#!/usr/bin/env python
# coding: utf-8
# # Supervised Machine Learning basics: Titanic example
# Florent Leclercq,
# Imperial Centre for Inference and Cosmology, Imperial College London,
# florent.leclercq@polytechnique.org
# In[1]:
import numpy as np
from sklearn.ensemble import RandomForestClassifier
# ## Load training data set
# In[2]:
# data set available at this address: https://www.kaggle.com/c/titanic/data
# (version slightly modified to be conveniently loaded with numpy)

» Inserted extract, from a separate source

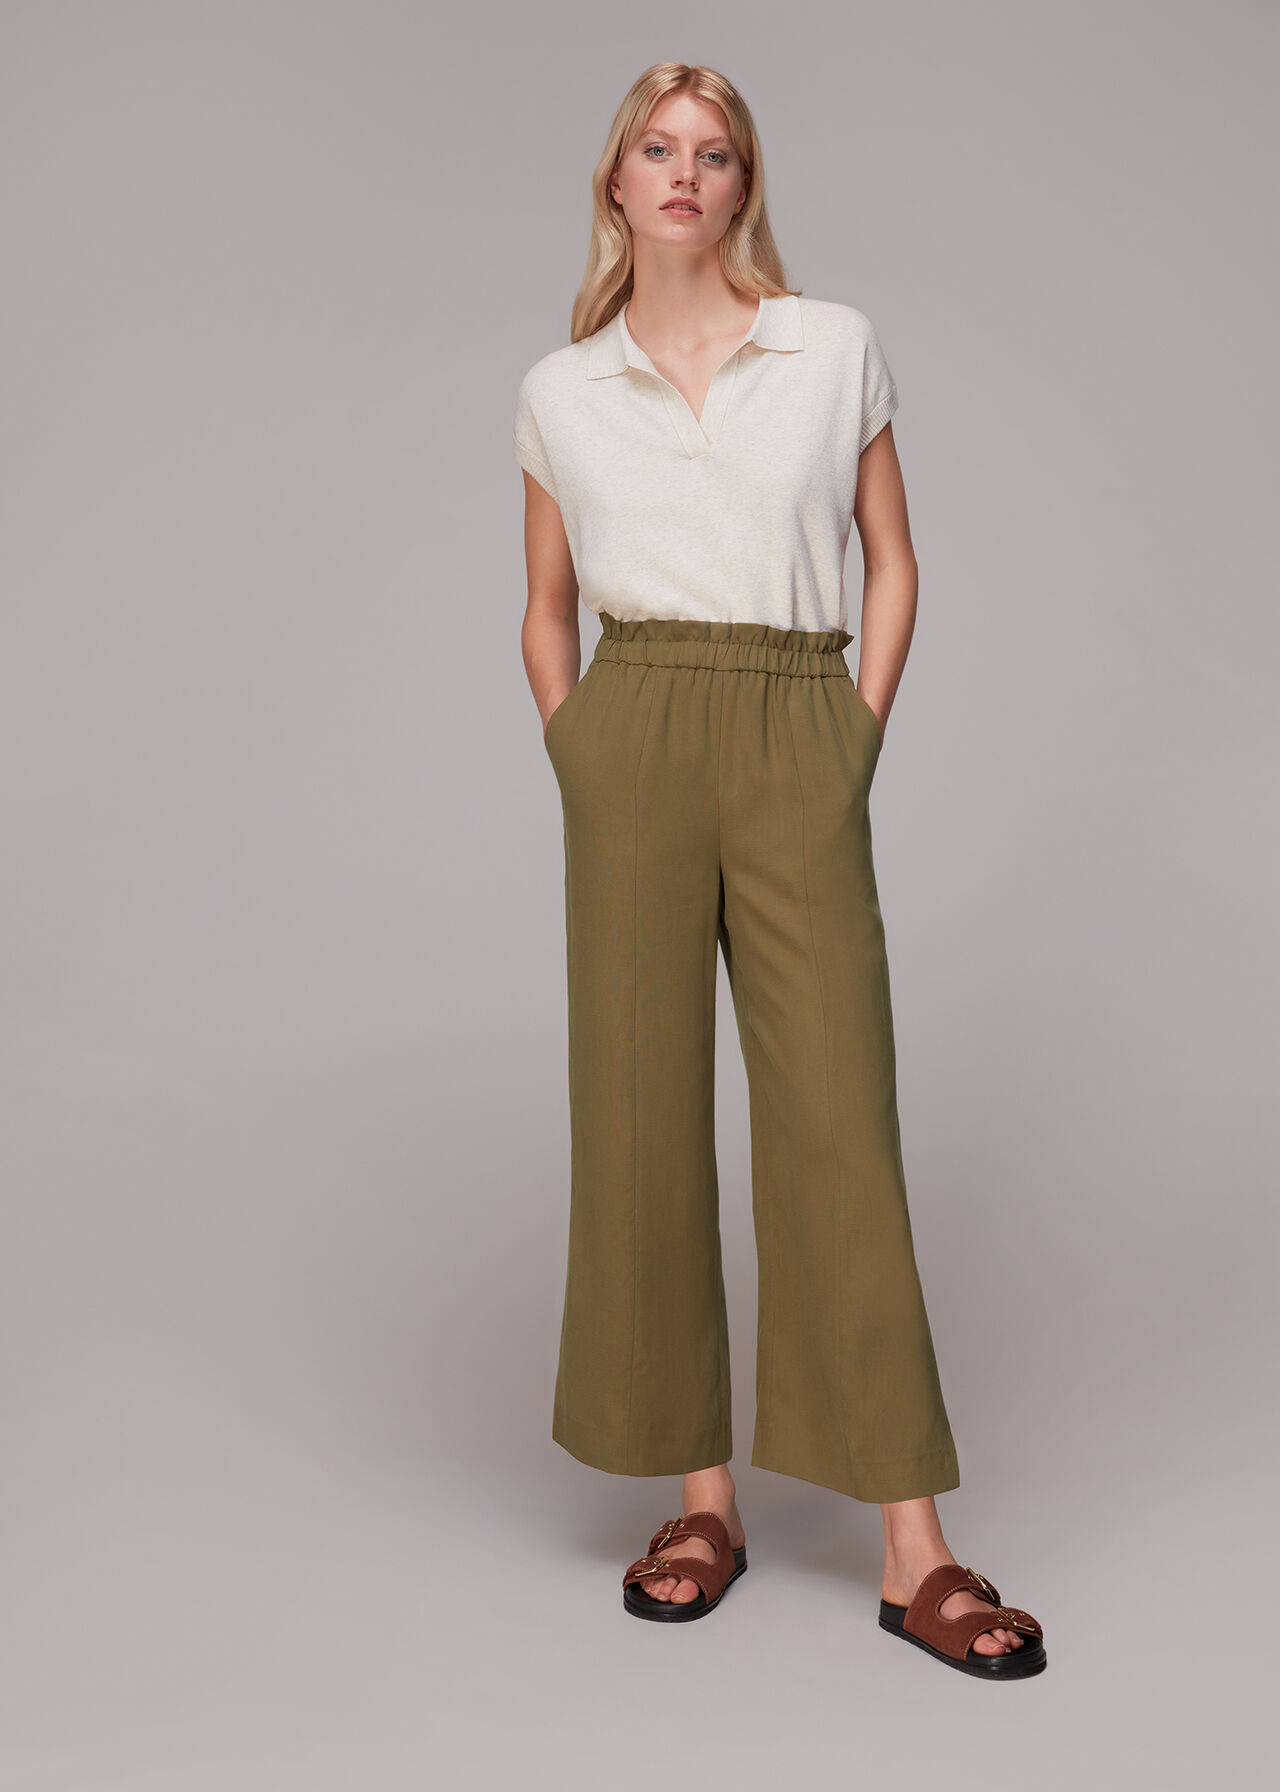 What kind of shoes do you wear with wide leg pants? - Quora

dtype = {'names':('PassengerId','Survived','Pclass','Name','Sex',
'Age','SibSp','Parch','Ticket','Fare','Cabin','Embarked'),
'formats': ('i4','i4','i4','S20','S6','S20','i4','i4','S20','f8','S20','S20')}
data = np.loadtxt("data/titanic.csv", dtype=dtype, delimiter=";", comments="#")
# Data dictionary
#
# | Variable | Definition | Key |
# |----------|--------------------------------------------|------------------------------------------------|
# | Survived | Survival | 0 = No, 1 = Yes |
# | Pclass | Ticket class | 1 = 1st, 2 = 2nd, 3 = 3rd |
# | Sex | Sex | |
# | Age | Age in years | |
# | SibSp | # of siblings / spouses aboard the Titanic | |
# | Parch | # of parents / children aboard the Titanic | |
# | Ticket | Ticket number | |
# | Fare | Passenger fare | |
# | Cabin | Cabin number | |
# | Embarked | Port of Embarkation | C = Cherbourg, Q = Queenstown, S = Southampton |
# In[3]:
data[500]
# In[4]:
data[600]
# In[5]:
def perform_splitting(condition):
selected_passengers = data[np.where(condition)]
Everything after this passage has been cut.